| WHAT YOU WILL DO |
Copy down the listing below exactly. Do not include pictures.

| INFORMATION PROVIDED |
= = = =

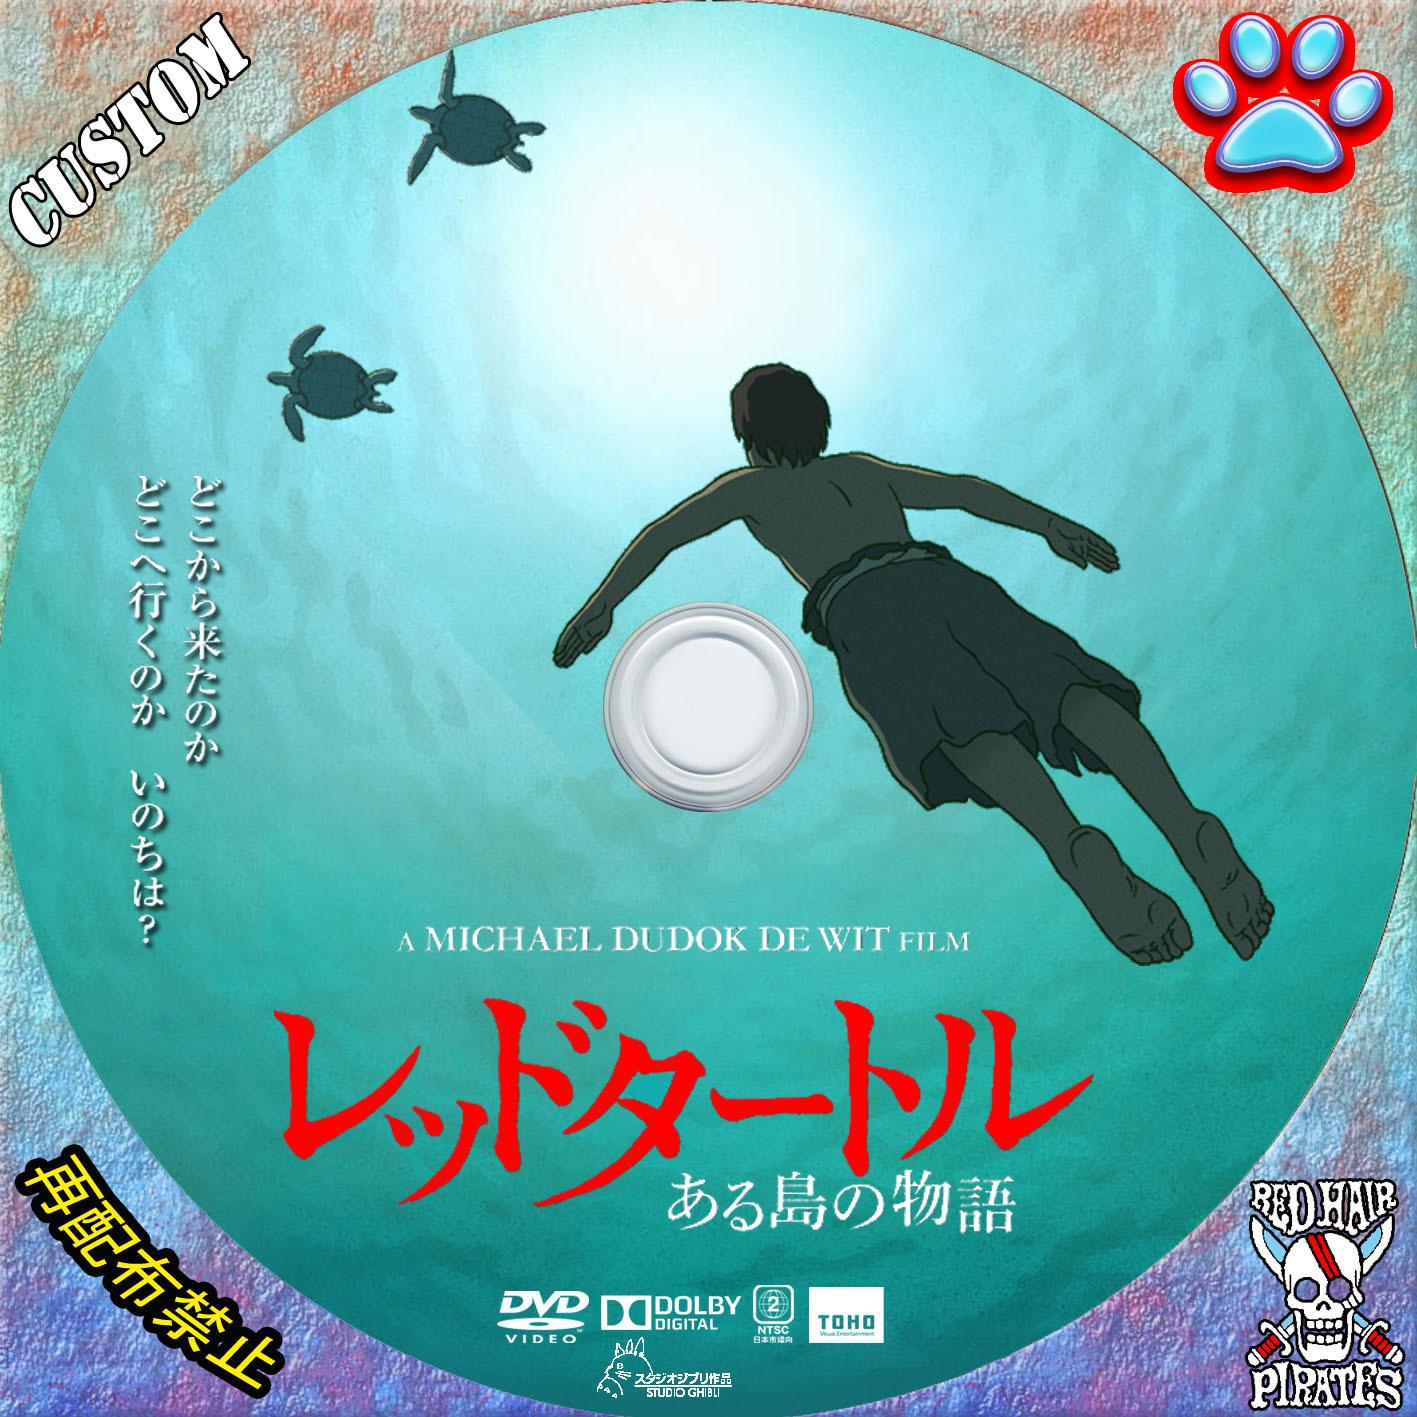 レッドタートルある島の物語DVD・Blu-ray レンタ …
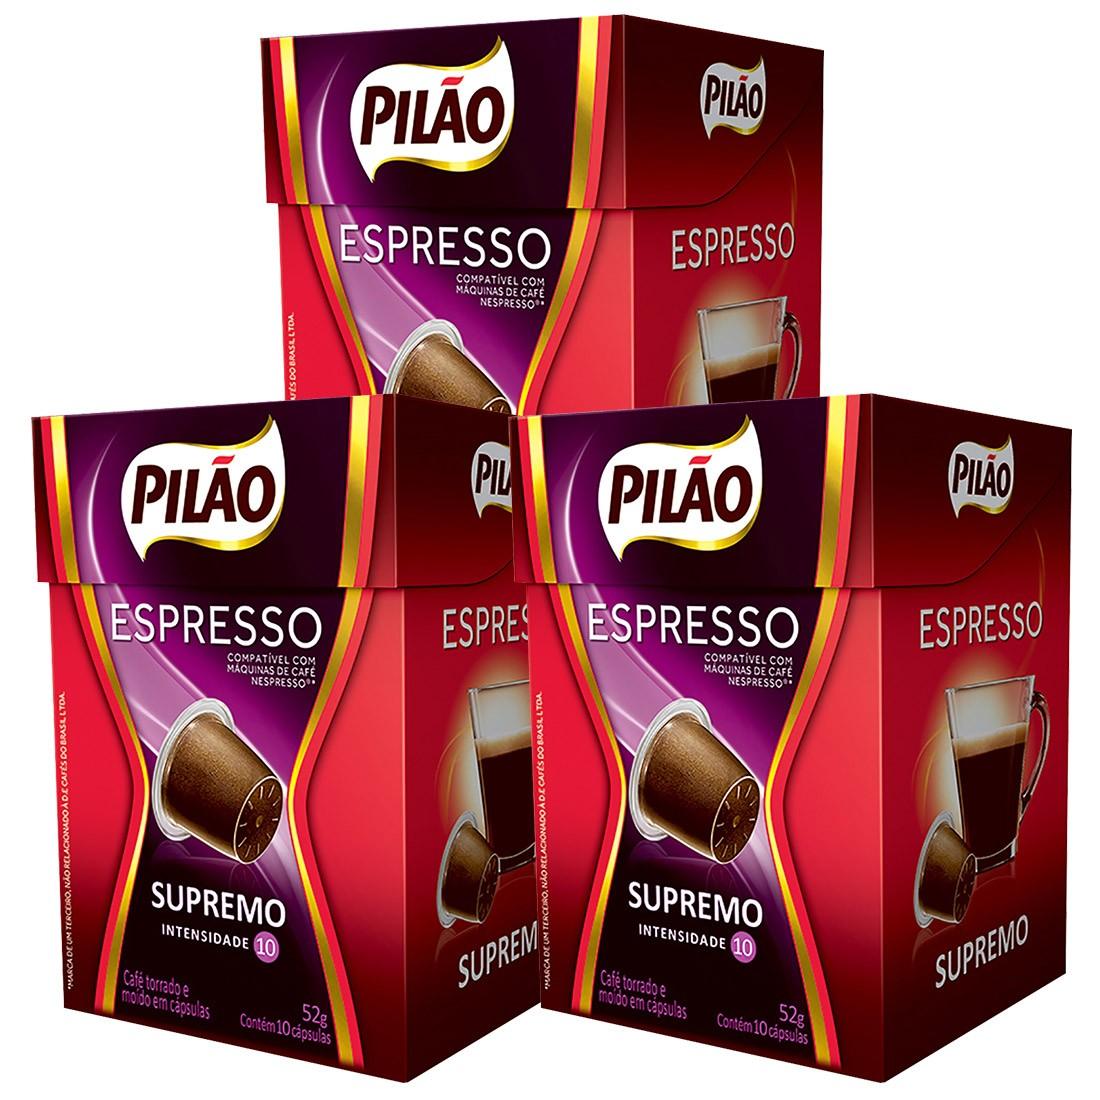 Kit Cápsulas de Café Pilão Espresso Supremo - Leve 3 pague 2
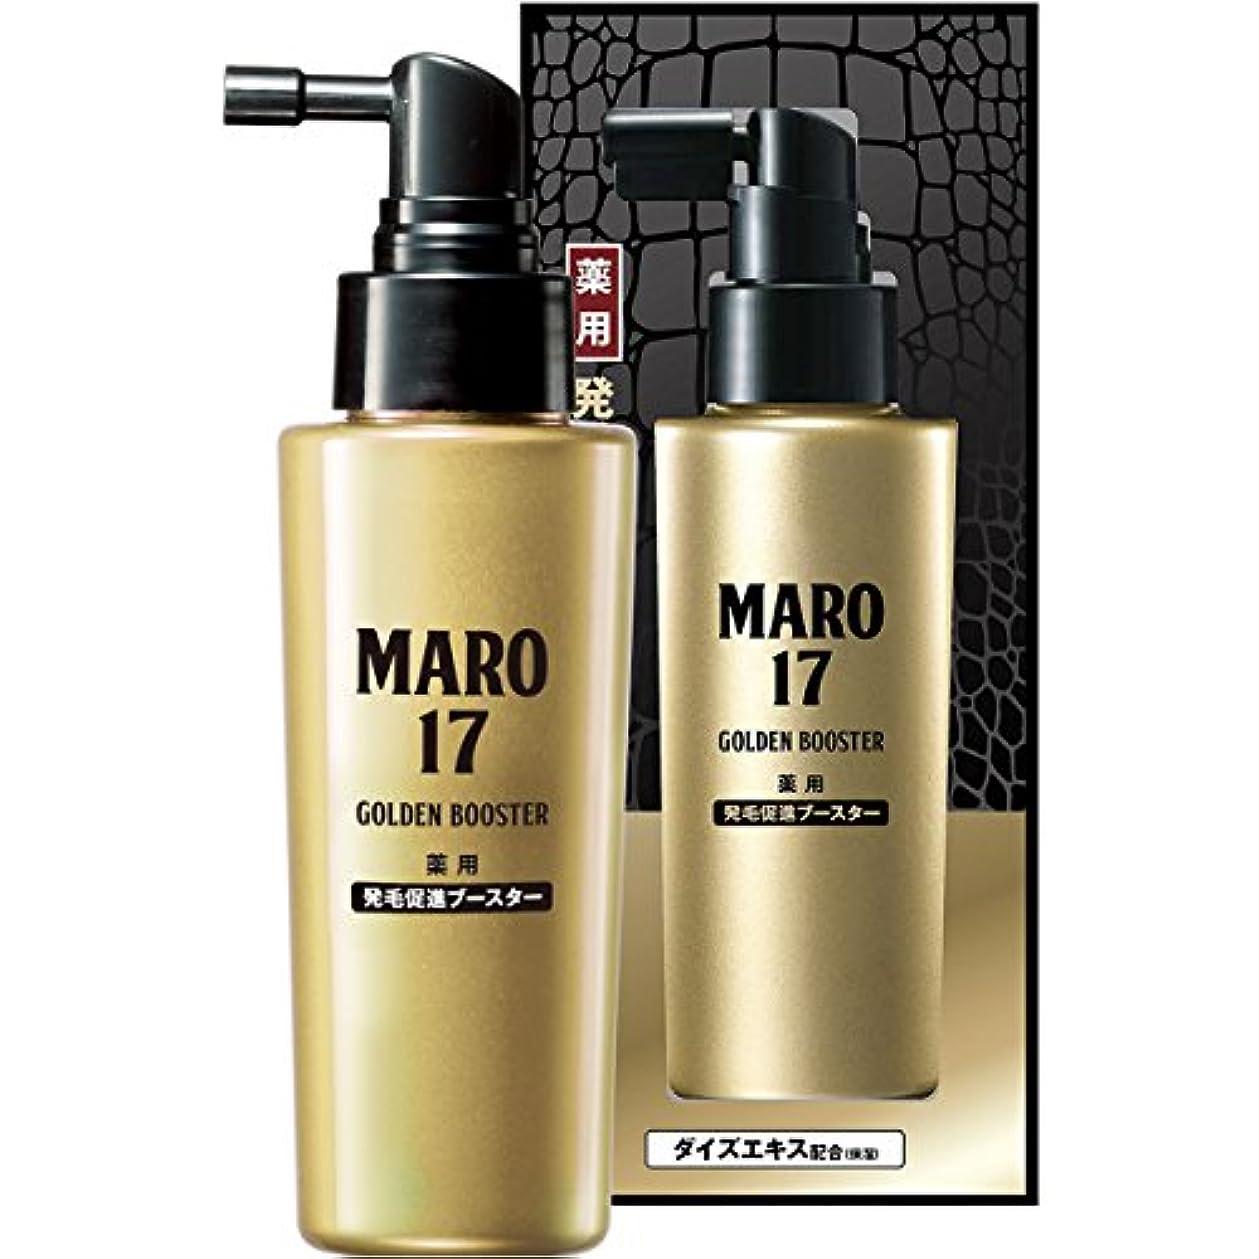 物理的に歴史仕事MARO17 薬用 発毛促進ブースター 100ml (約1ヶ月分)【医薬部外品】

= = = =

| SOLUTION |
 レッドタートルある島の物語DVD・Blu-ray レンタ …
 Kit Cápsulas de Café Pilão Espresso Supremo - Leve 3 pague 2
 物理的に歴史仕事MARO17 薬用 発毛促進ブースター 100ml (約1ヶ月分)【医薬部外品】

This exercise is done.